[Collected material]:
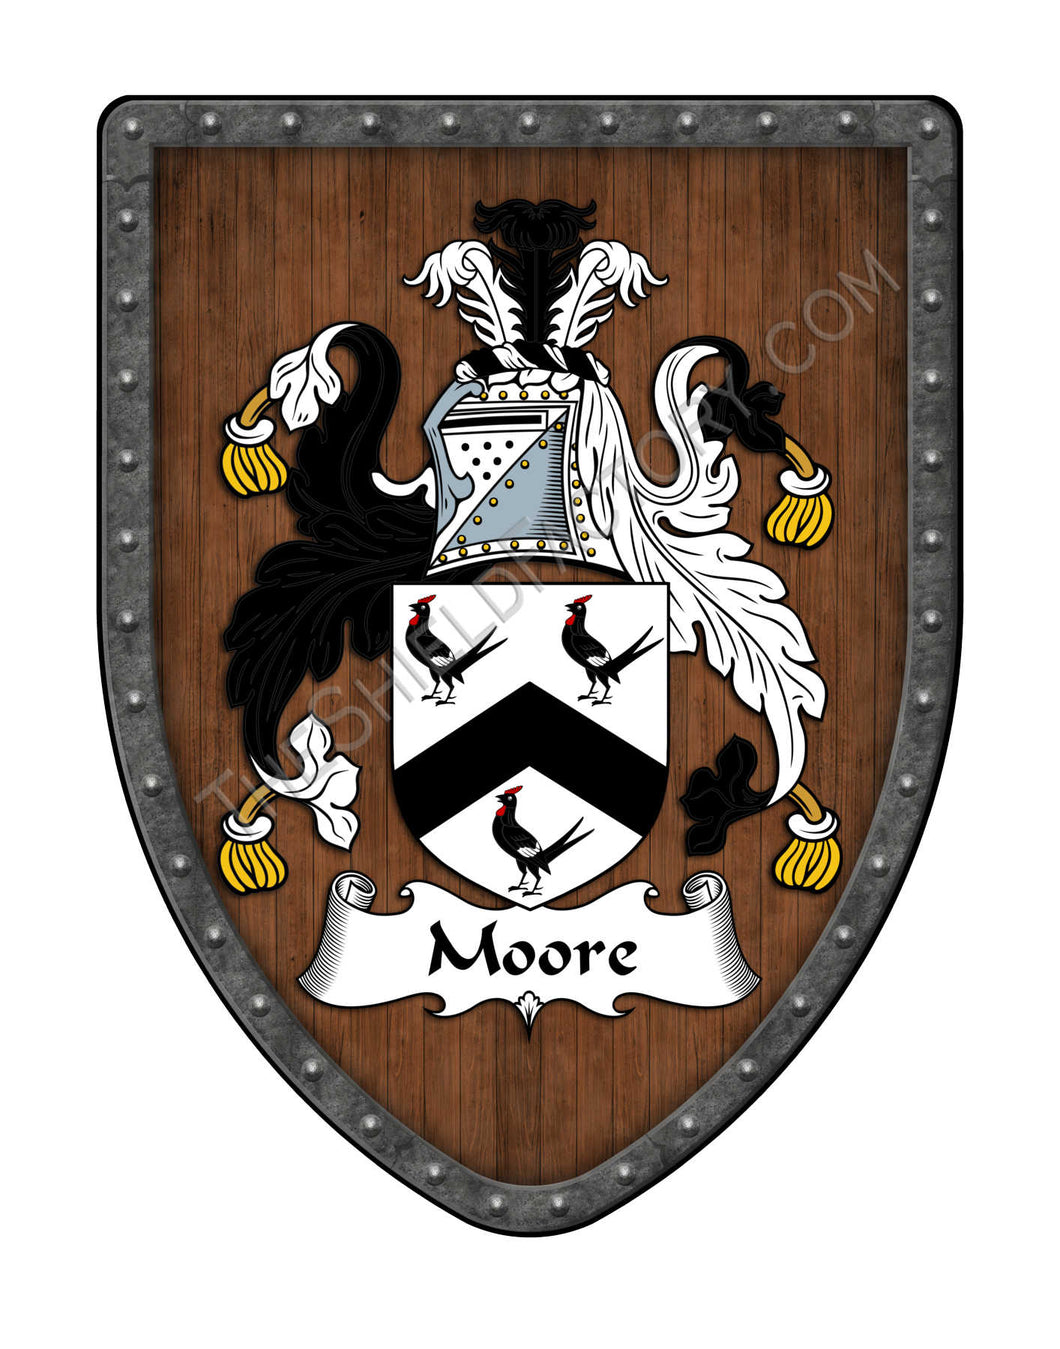 Moore II Coat of Arms
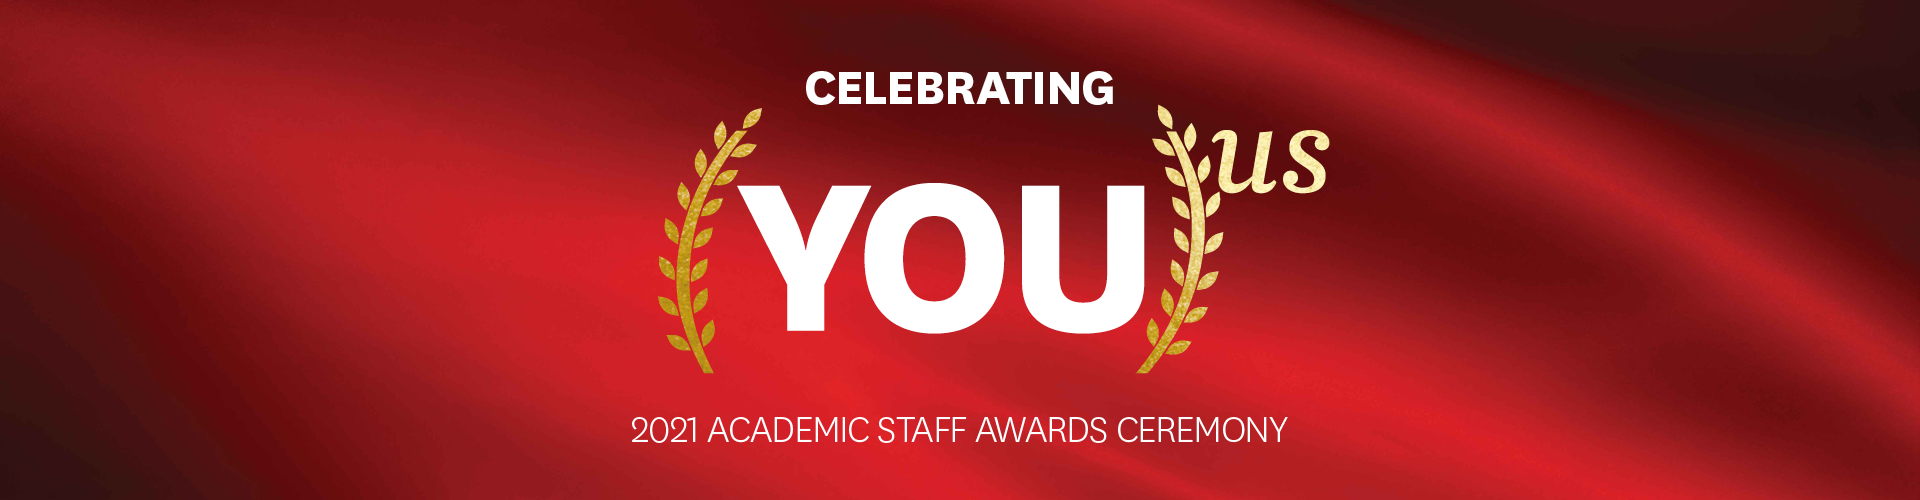 2021 Academic staff awards banner
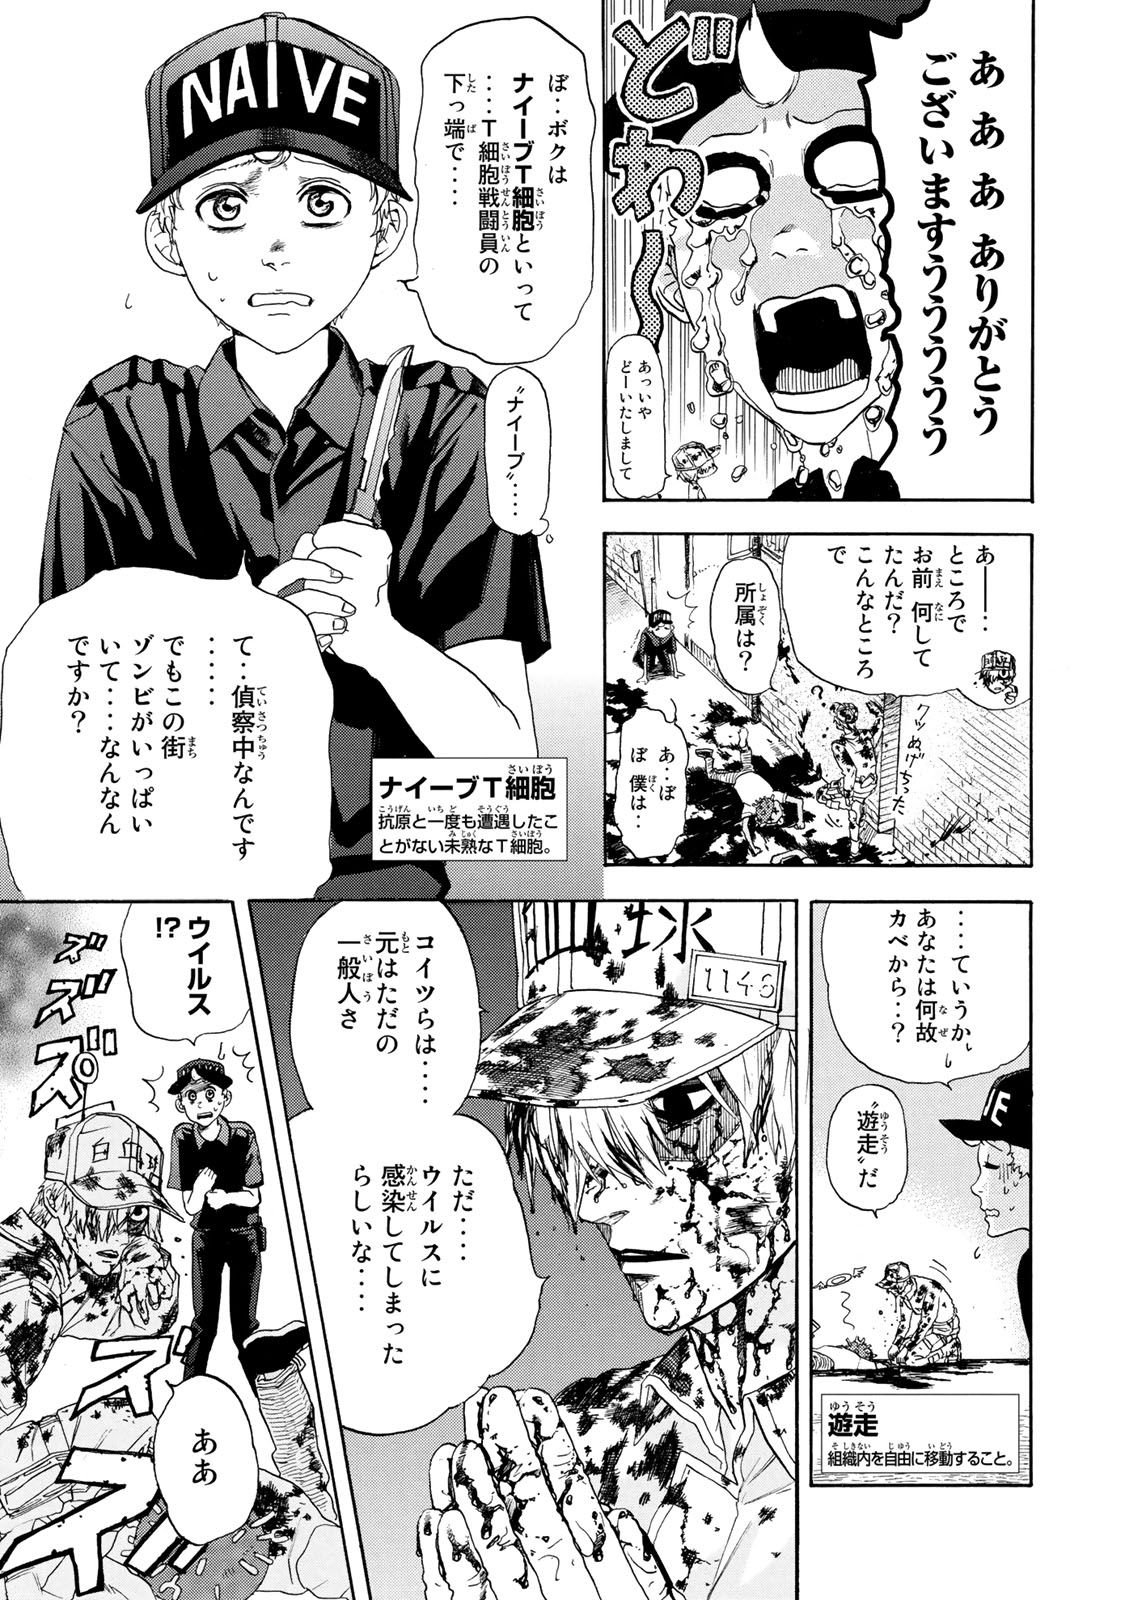 Hataraku Saibou - Chapter 3 - Page 7
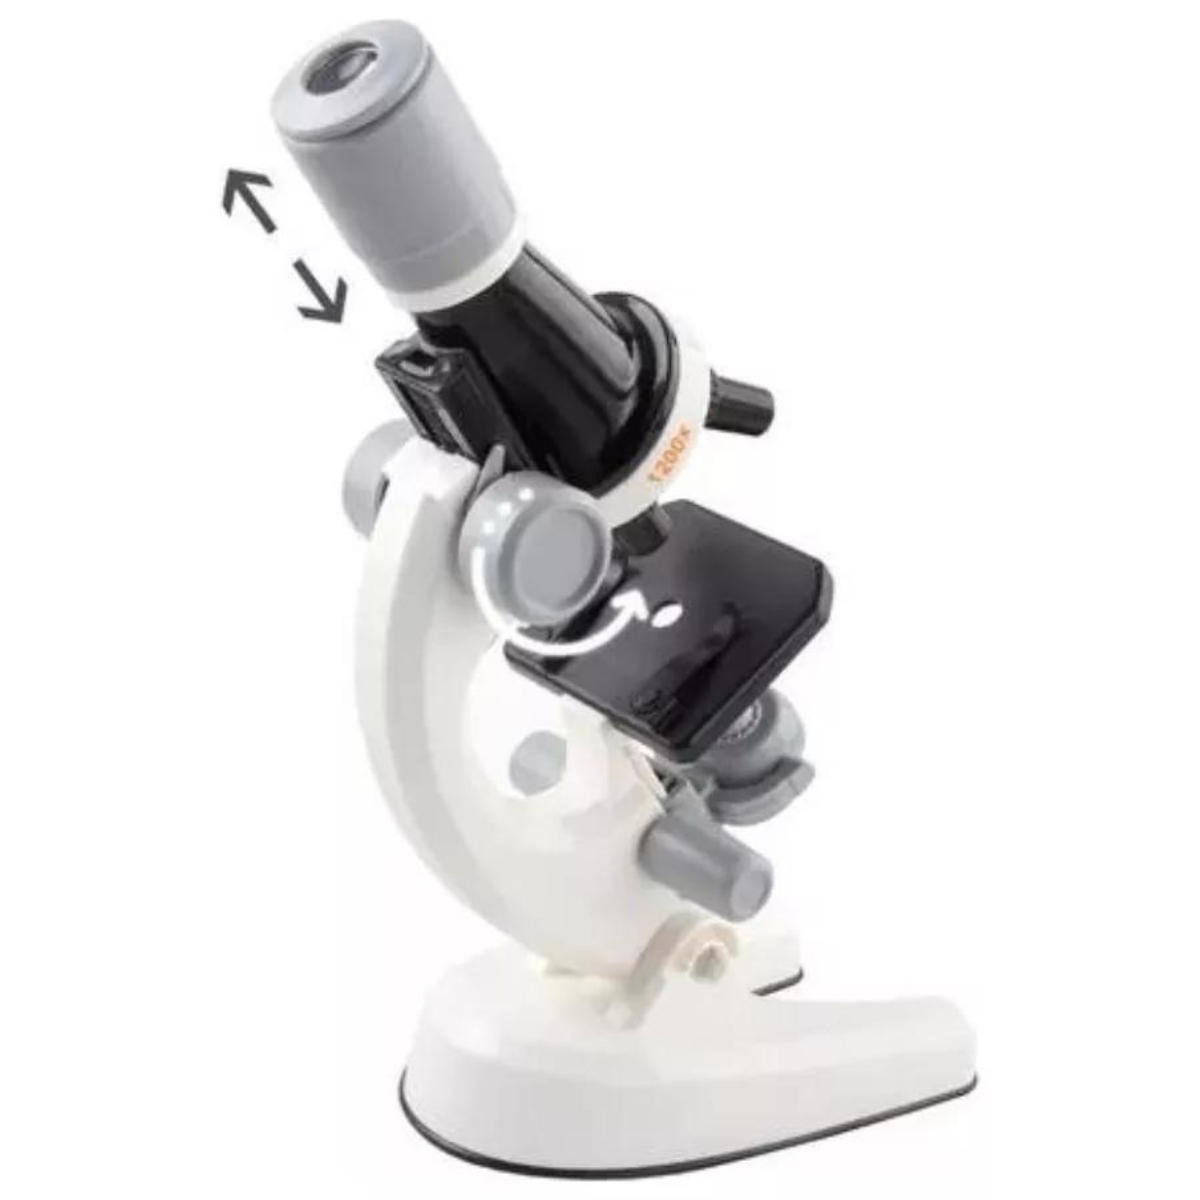 Kit Microscopio Compuesto Infantil

[Your instructions]:
Copy the whole listing above word for word but do not carry over the pictures.

[Answer section]:
 Moore II Coat of Arms
 2021 Academic staff awards banner
 Hataraku Saibou - Chapter 3 - Page 7
 Kit Microscopio Compuesto Infantil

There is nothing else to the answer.